The GR127935-sensitive 5-HT(1) receptors mediating canine internal carotid vasoconstriction: resemblance to the 5-HT(1B), but not to the 5-HT(1D) or 5-ht(1F), receptor subtype

This study has further investigated the pharmacological profile of the GR127935-sensitive 5-HT(1) receptors mediating vasoconstriction in the internal carotid bed of anaesthetized vagosympathectomized dogs. One-minute intracarotid infusions of the agonists 5-hydroxytryptamine (5-HT; 0.1 - 10 microg min(-1); endogenous ligand) and sumatriptan (0.3 - 10 microg min(-1); 5-HT(1B/1D)), but not PNU-142633 (1 - 1000 microg min(-1); 5-HT(1D)) or LY344864 (1 - 1000 microg min(-1); 5-ht(1F)), produced dose-dependent decreases in internal carotid blood flow without changing blood pressure or heart rate. The responses to 5-HT were apparently resistant to blockade by i.v. administration of the antagonists SB224289 (300 microg kg(-1); 5-HT(1B)), BRL15572 (300 microg kg(-1); 5-HT(1D)) or ritanserin (100 microg kg(-1); 5-HT(2)). In contrast, the responses to sumatriptan were antagonized by SB224289, but not by BRL15572. In the animals receiving SB224289, but not those receiving BRL15572, the subsequent administration of ritanserin abolished the 5-HT-induced vasoconstriction and unmasked a vasodilator component. Similarly, in ritanserin-treated animals, the subsequent administration of SB224289, but not BRL15572, completely blocked the 5-HT-induced vasoconstriction, revealing vasodilatation.
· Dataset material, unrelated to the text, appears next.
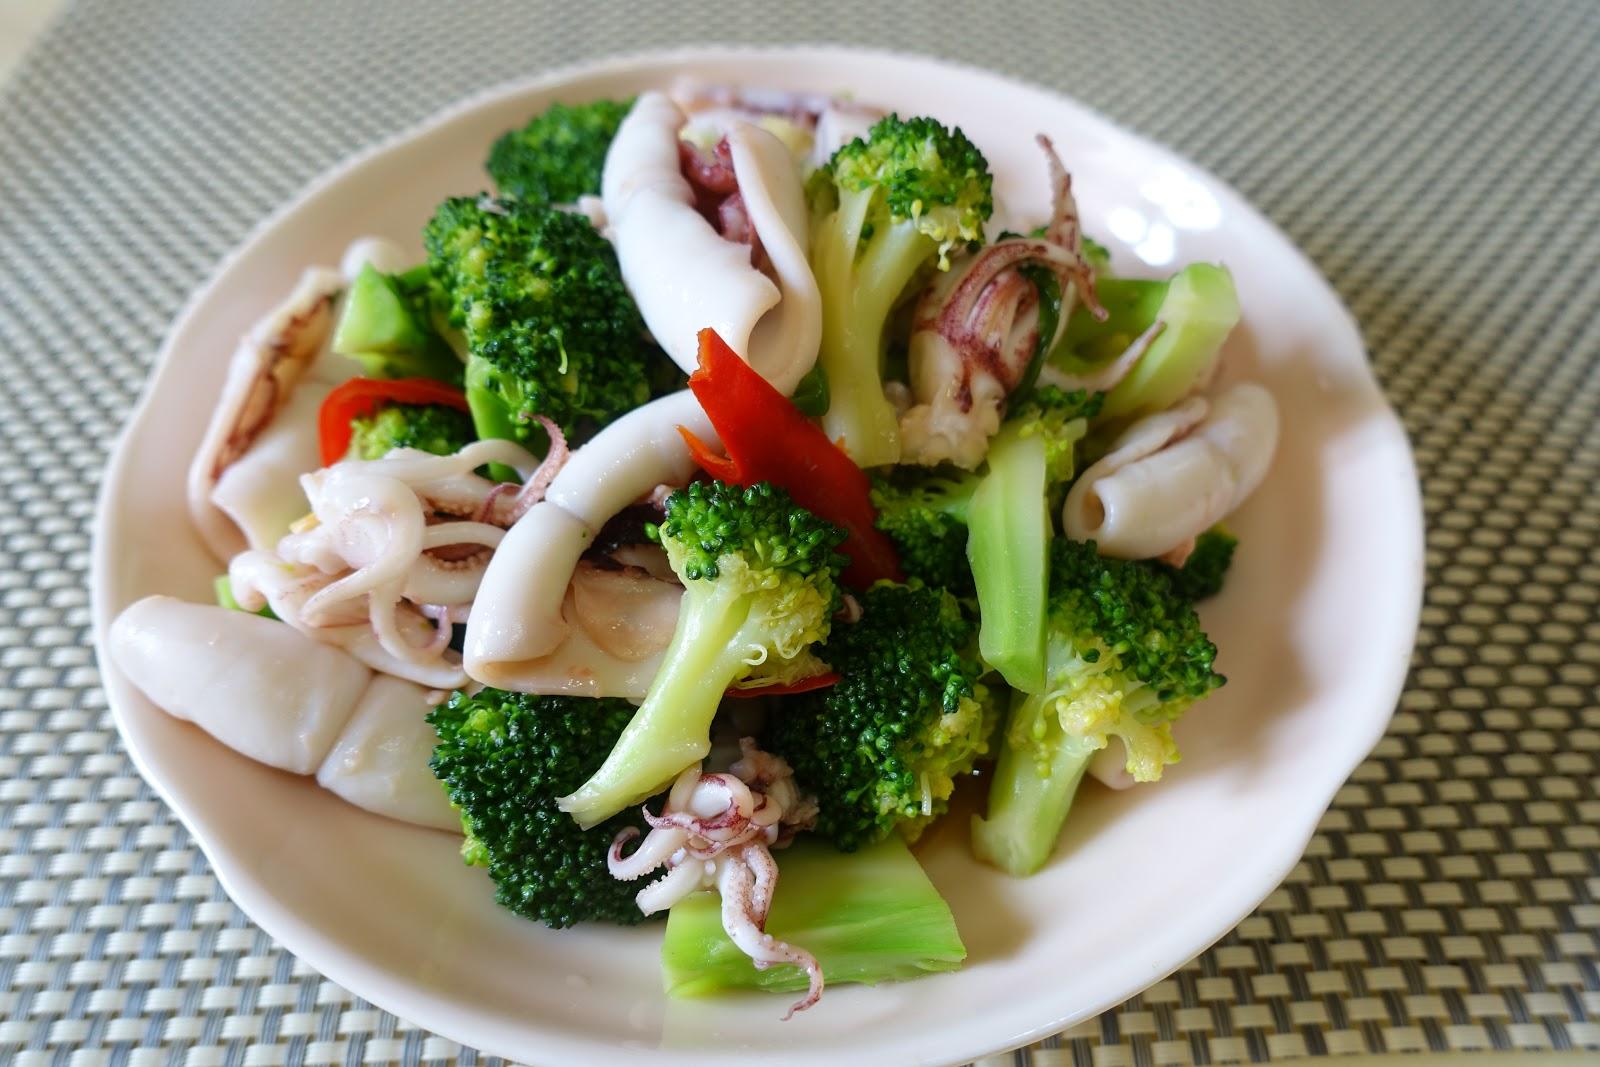 小安琪~ ~因為喜歡吃,想同大家分享些簡單,容易,方便,又味美之食譜 哈~ ~: 西蘭花炒鮮魷

In animals receiving initially BRL15572, the subsequent administration of SB224289 did not affect (except at 10 microg min(-1)) the vasoconstrictor responses to 5-HT. Notably, in animals pretreated with 1000 microg kg(-1) of mesulergine, a 5-HT(2/7) receptor antagonist, 5-HT produced a dose-dependent vasoconstriction, which was practically abolished by SB224289. After BRL15572, no further blockade was produced and the subsequent administration of ritanserin was similarly inactive. These results suggest that the GR127935-sensitive 5-HT(1) receptors mediating canine internal carotid vasoconstriction resemble the 5-HT(1B) but not the 5-HT(1D) or 5-ht(1F), receptor subtype.